I keenly signed up to be an LGBT+ Ally at Avanade, as part of Pride, last year. I say keenly because one of the guiding tenets of my life has always been that everyone should be free to be who they are. So the pledge ‘’I believe all Avanade and client employees, regardless of sexual orientation or gender identity / expression deserve to feel safe and supported’’ resonated with me, and saying, “Yes!” to this call to action was easy. 

I was saying yes because I believe every space needs to be a safe space for LGBT+ people – all the time. And not just once a year. So, I signed the pledge, told others about it in the office and wore my rainbow lanyard.

I then began reading more about being an ally and came across an article that spoke about the important role an ally can play. It explained that we should think of being an ally is a verb because simply saying you are an ally is not enough. It took a while for that to sink in. I wanted to understand how to be a good ally, and what I could do to make being an ally about action. 

For me, that involved volunteering with vulnerable LGBT+ youth in Hampshire where I live (see below for some great resources for understanding where your help is needed). I understood that being an ally means challenging others’ words and actions, but it also requires looking inward. It is wonderful to participate in actions and speak up, but this is also a process of correcting yourself. These are my tips:

  1. Understand your privilege: This does not mean you have an easy life. It doesn’t mean you haven’t struggled. It means that there are some things in life that you will not experience or have to deal with because of who you are.
  2. Do your homework – there are so many resources out there from blogs, tweets, articles and TED Talks to help you understand the issues.
  3. Listen. Listen to the people with whom you’re trying to be an ally. What do they want you to do, if anything? What is your role? Listen to their experiences with oppression and/or marginalization.
  4. An ally’s job is to support. Use your privilege and voice to educate others. This includes figuring out how to support isolated communities the best way possible.

 

People can only be their best at work when they are themselves. I value the differences that exist within our organization. I hope that by being an ally, I help to create an environment where my colleagues feel safe to be who they are.
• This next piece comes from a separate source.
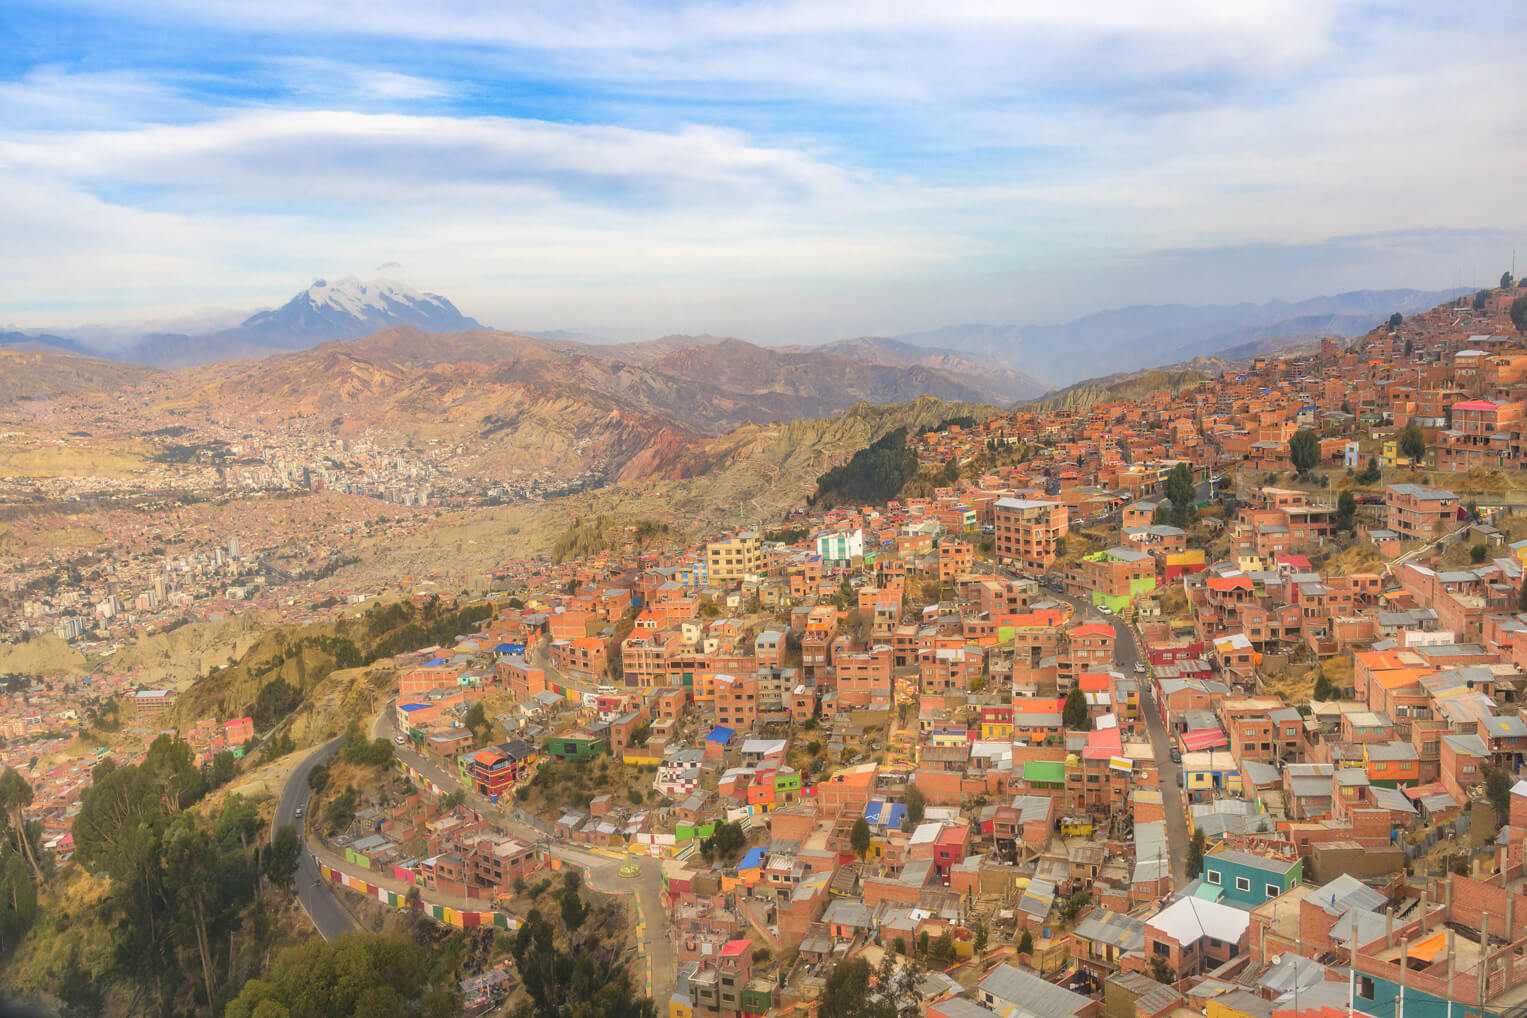 La ciudad de El Alto mira desde arriba a La Paz, una ciudad más grande, en estos picos de gran altitud en Los Andes.

We have a responsibility to stand up for the things we believe in. And this is me standing up for what I believe in. I am so proud to be part of a company that celebrates all individuals for being themselves. 
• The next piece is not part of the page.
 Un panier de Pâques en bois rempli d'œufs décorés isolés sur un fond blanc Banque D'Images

To help you get started here just a few (of many) organizations which focus within the LGBT+ community:

AKT: AKT supports LGBT+ youth experiencing homelessness or living in hostile environments

Switchboard: Switchboard provides information, support and referral service for lesbians, gay men and bisexual and trans people – and anyone considering issues around their sexuality and/or gender identity.

Rich Jenulis

Freya, thanks for sharing your experience. Your article inspires me to do more as an ally. I appreciate the compass (your tips) to help point the way.